■ **TASK REQUIREMENTS**:
What you return must match the listing below character for character, minus any pictures.

■ **DATA**:

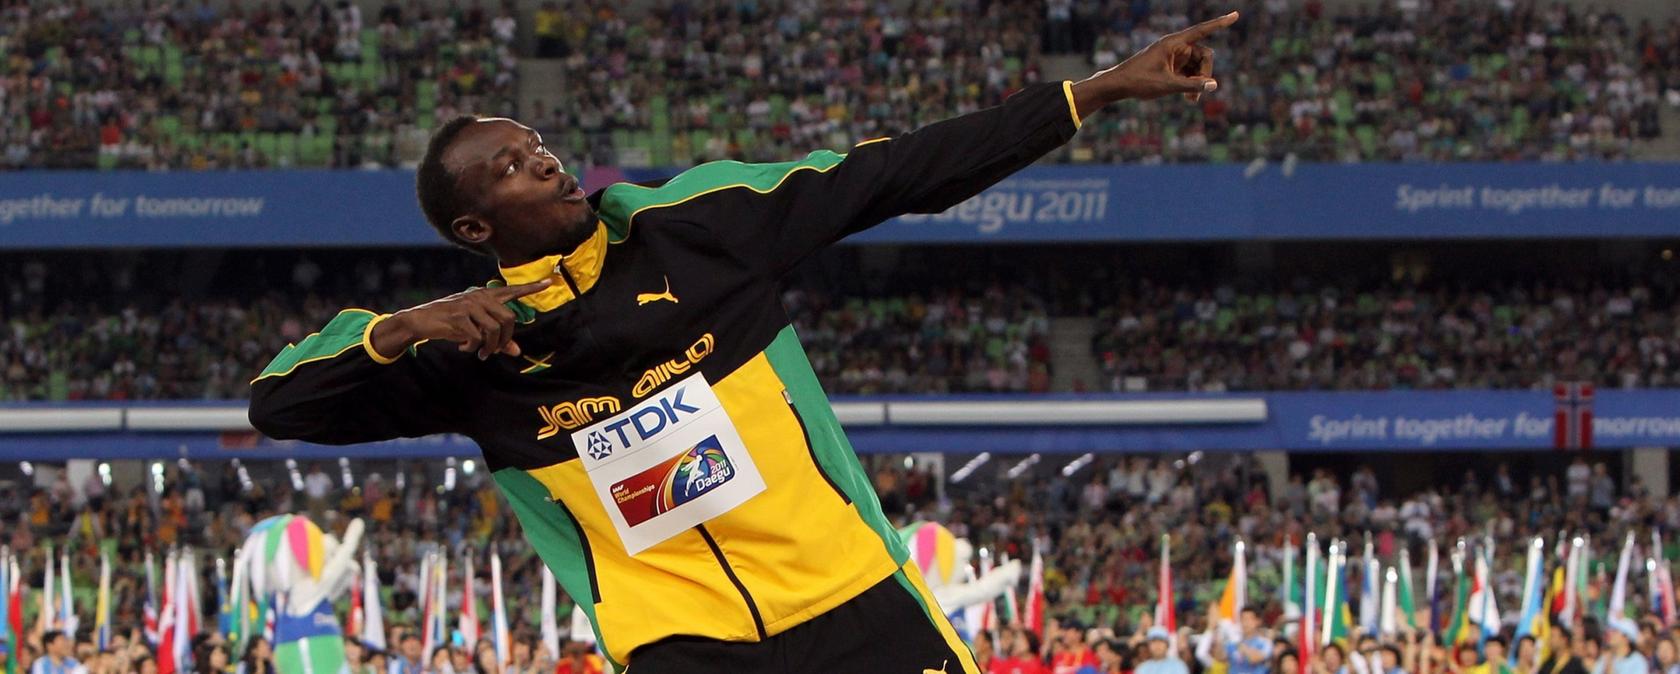 Leichtathletik-Gigant Usain Bolt hat seinen Vertrag mit Puma verlängert.
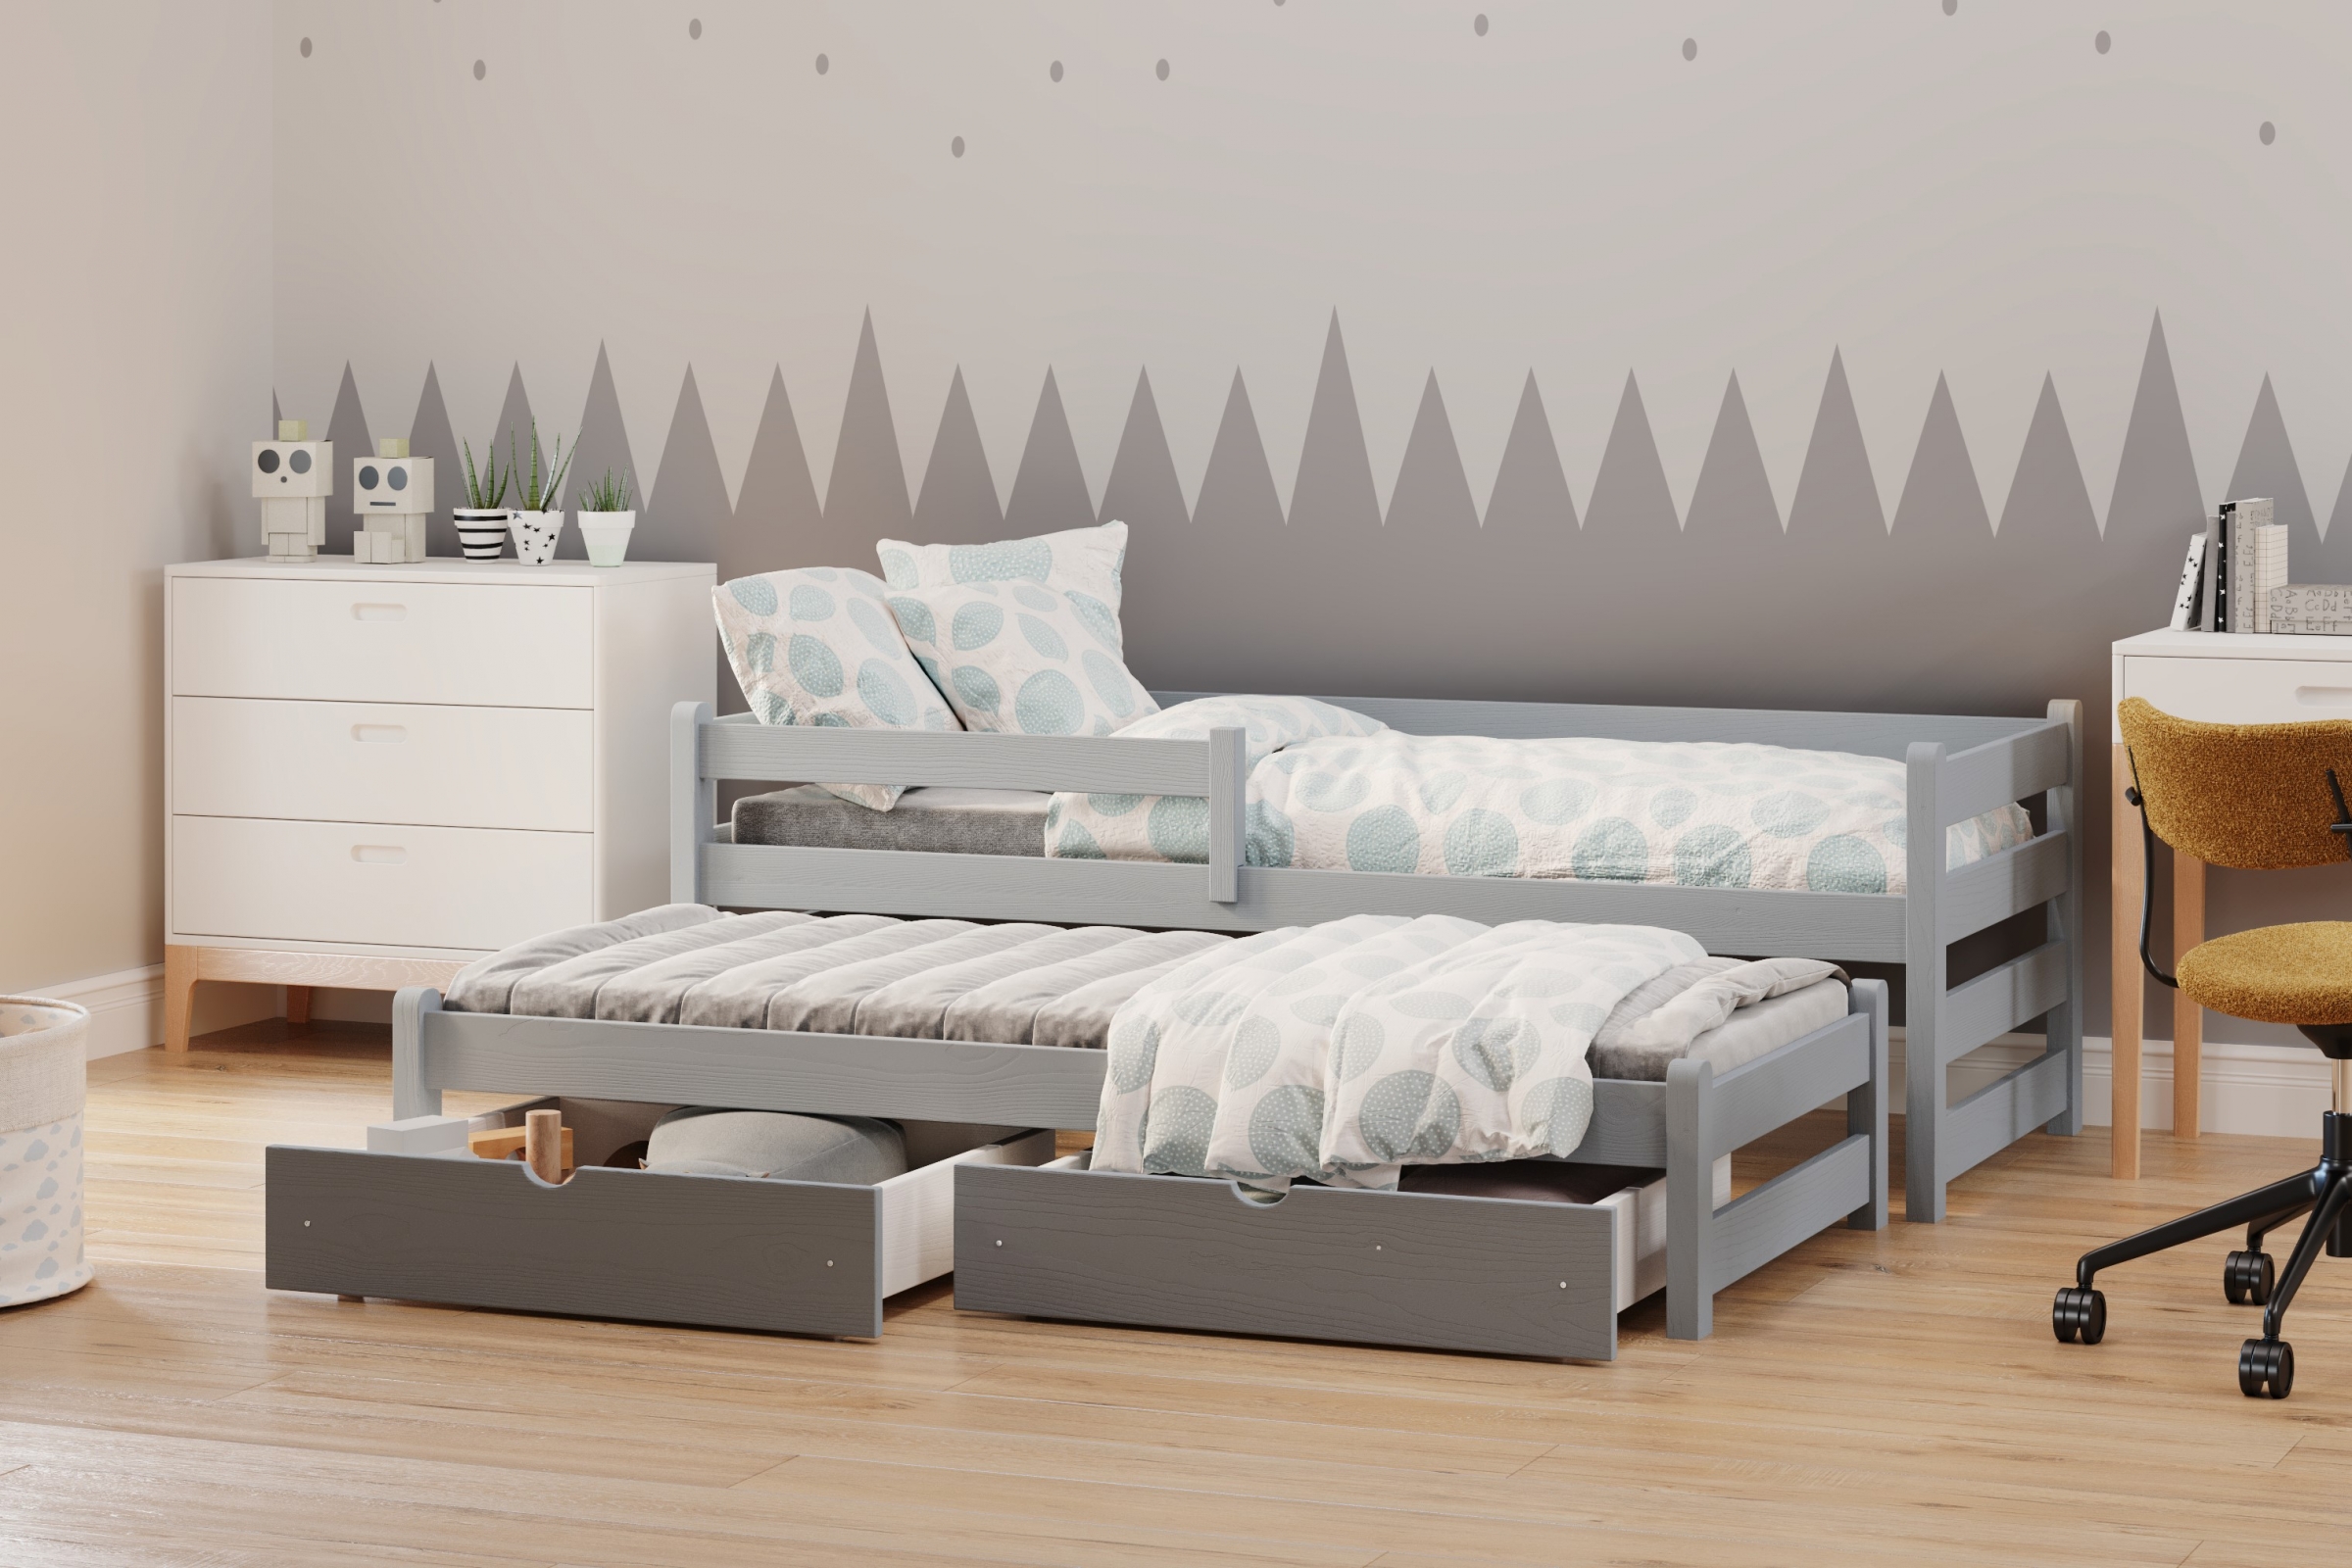 postel dětské přízemní výsuvná Alis DPV 001 - šedý, 80x190 postel přízemní výsuvná Alis - Barva šedý - aranzacja
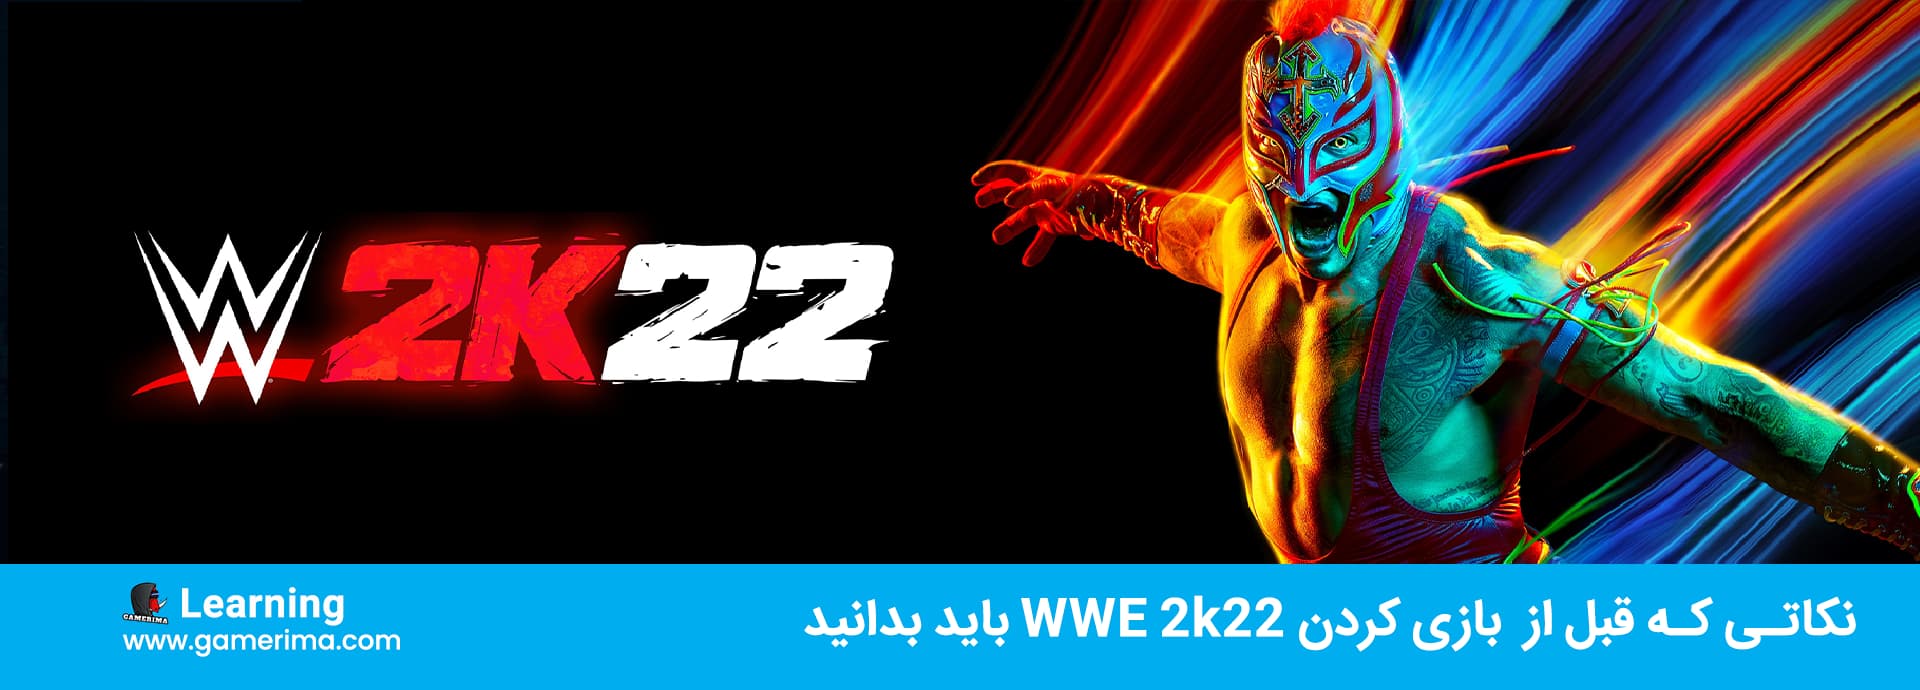 چهار نکته در مورد WWE 2K22 که قبل از تجربه باید بدانید
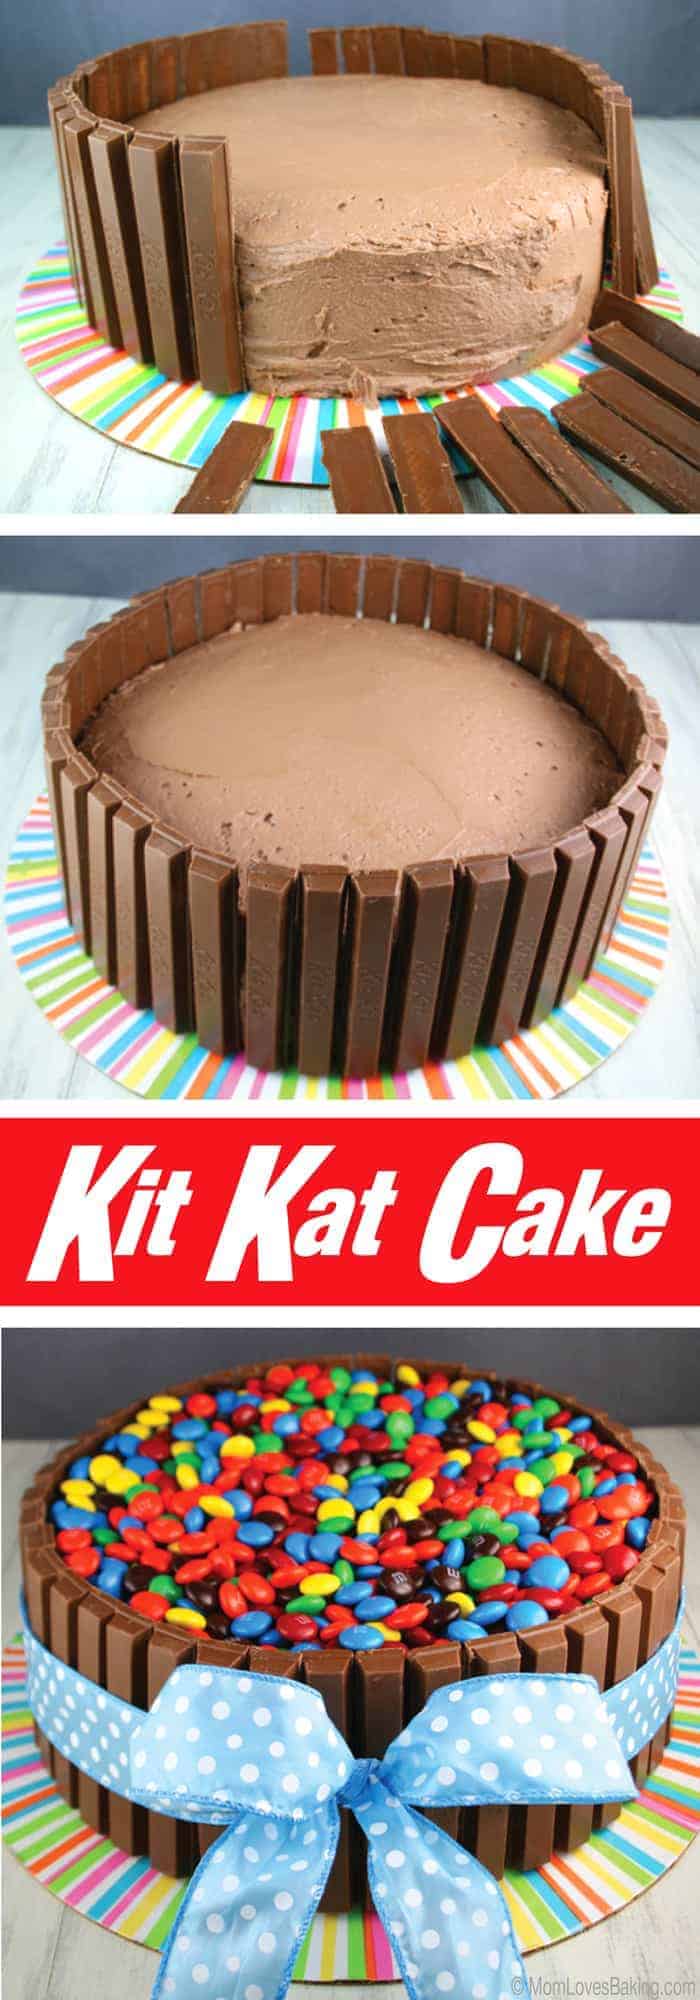 Kit-Kat-Cake-Long

■ **RESULT BELOW**:
 Leichtathletik-Gigant Usain Bolt hat seinen Vertrag mit Puma verlängert.
 postel dětské přízemní výsuvná Alis DPV 001 - šedý, 80x190 postel přízemní výsuvná Alis - Barva šedý - aranzacja
 چهار نکته در مورد WWE 2K22 که قبل از تجربه باید بدانید
 Kit-Kat-Cake-Long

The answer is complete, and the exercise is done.